Sunday, March 20, 2011

FiveK Fail

Don't you hate when you throw your goals and ambitions up for the public to read and then they become a giant sad face failure?

Not even the guilt of having to write this post could get me out of bed this morning for my race. Nor could the guilt of having spent money on the registration fee, or the guilt of dragging Ralph down to the city to pick up my race packet. I guess just like everyone has their first DNF, you have to have a first DNSU (Did Not Show Up).

What happened to me? I wasn't nervous. I wasn't scared. I just. Didn't. Want. To go.

Way to lead by example Sara. But really? I had taken a week off of running a few weeks back b/c of a cough. A cough I thought was getting better so I started running again. And then It didn't go away. I guess I thought my body deserved a little rest, and maybe if it got the rest it wanted my cough would go away and I could run guilt free.

Basically I woke up at 6am, looked at my phone, shut off my alarm and went back to sleep. It is not my proudest moment. Especially with all the carbs I have been eating. A small part of my feels a little bit guilty. But a large part of me feels really happy to have enjoyed a leisurely Sunday, making pancakes and drinking coffee with my Fiance.

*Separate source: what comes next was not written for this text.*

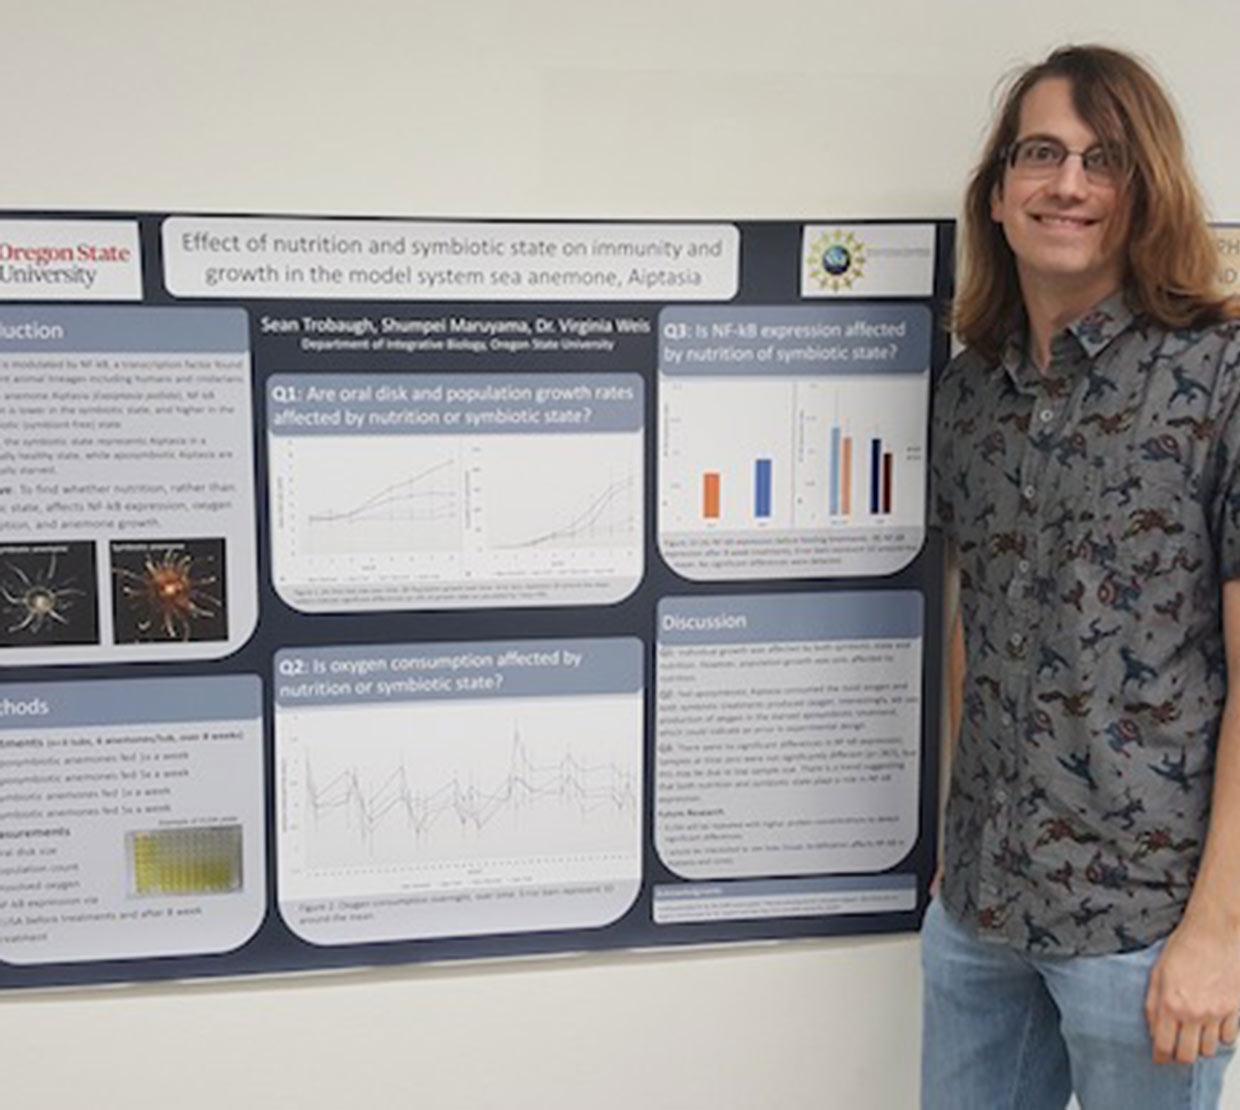 Sean Trobaugh in front of research poster

There will be other races. There will be other runs.

Have you ever opted not to even show up to a race? How did you feel afterwards??

xx Sara

2 comments:

Ana V said...

It sounds like in the end the decision was the best for you! And you are right "there will be other races".

Rachel said...

i've never skipped out on a race, but have done so on many a training run. honestly, sometimes it's the best decision at the time and in the end, running (or racing) is not everything. i can relate to the feelings of guilt though, but it sounds like you did the right thing : )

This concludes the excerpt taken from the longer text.